Subjective well-being

Life satisfaction.

Life satisfaction was measured by the Satisfaction with Life Scale (SWLS; Diener et al., 1985). The SWLS is a five-item measure in which participants evaluate the concordance/discordance of their current life to their standards for life on a 5-point Likert scale. Scores can range from 5 to 35, with a score of 20 being the “neutral” point (Pavot & Diener, 1993). Diener and colleagues (1985) reported a test-retest stability coefficient of .82 over a two-month period, providing evidence that the measure provides a stable assessment of LS.

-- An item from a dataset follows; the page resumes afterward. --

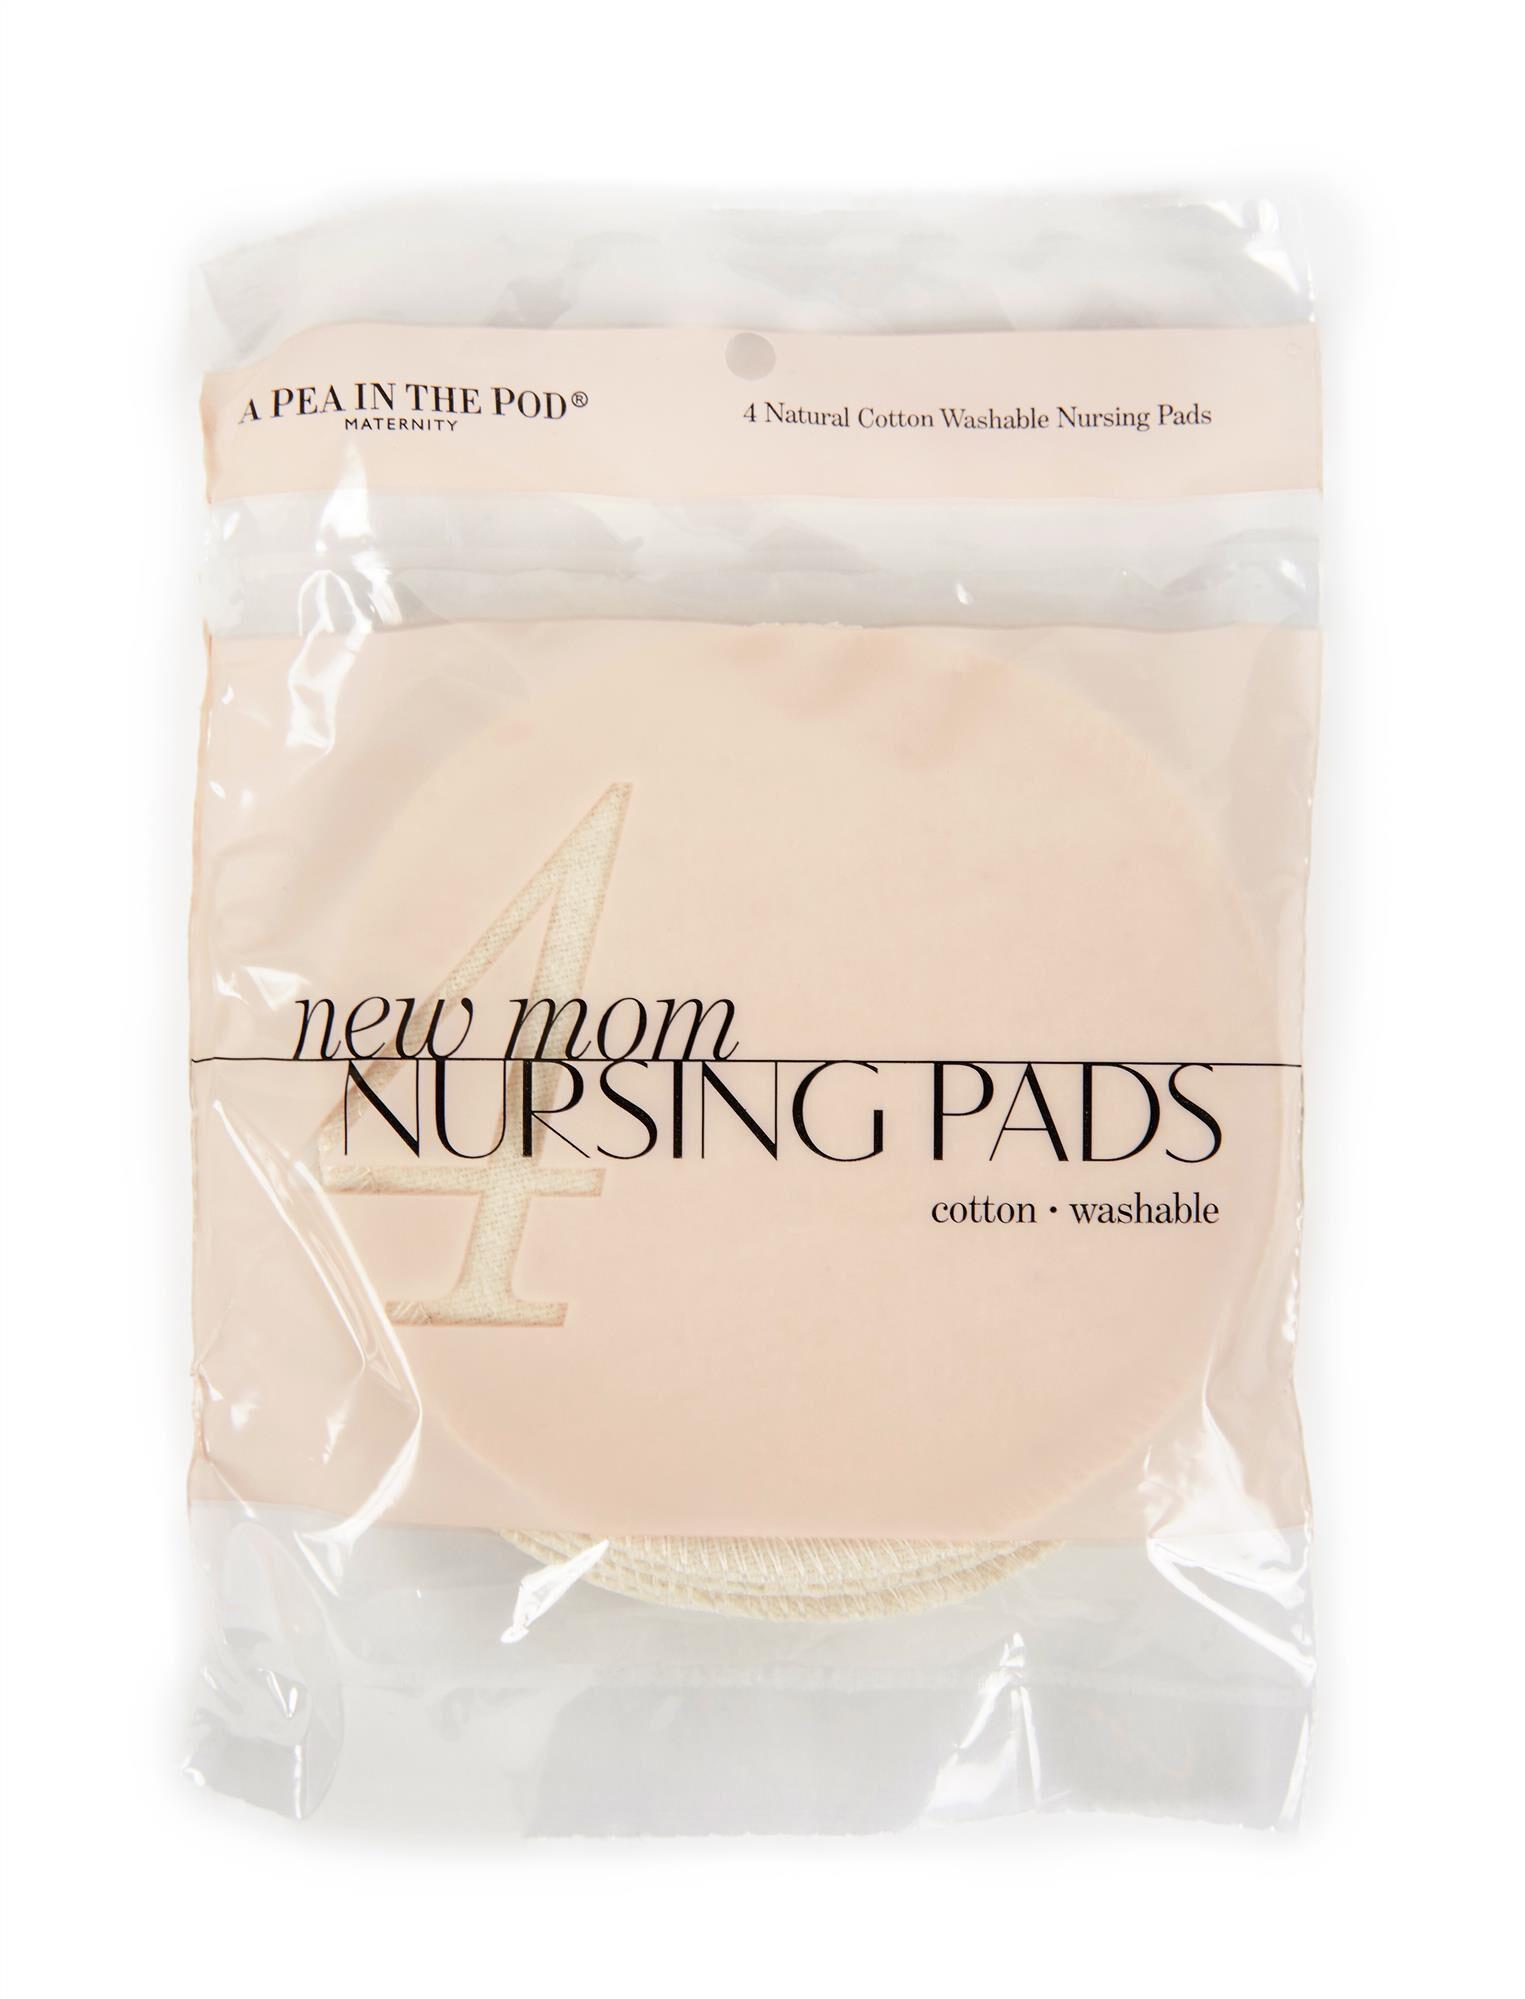 Cotton Washable Nursing Pads

Positive and Negative Affect.

The Positive and Negative Affect Scale (PANAS; Watson, Clark, & Tellegen, 1988) comprises 20 adjectives (10 representing PA and 10 representing NA). In the German Aging Survey, participants were asked to indicate to what extent they had felt a certain way during the past few months on a 5-point Likert scale (1 = very slightly or not at all, 5 = extremely). Participants were instructed that if they were unsure about a particular feeling, to choose the answer that most closely described how often they had felt that way. The PANAS has been shown to be internally consistent (Cronbach’s α range from .86 to .90 for PA scale and .84 to .87 for NA scale) and temporally stable (range from .47 to .68 for PA scale and from .39 to .71 for NA scale) over an 8-week test-retest interval (Watson et al., 1988). This test-retest stability suggests that although affect is generally thought to be a temporary mood state, it does have some relationship to one’s overall disposition.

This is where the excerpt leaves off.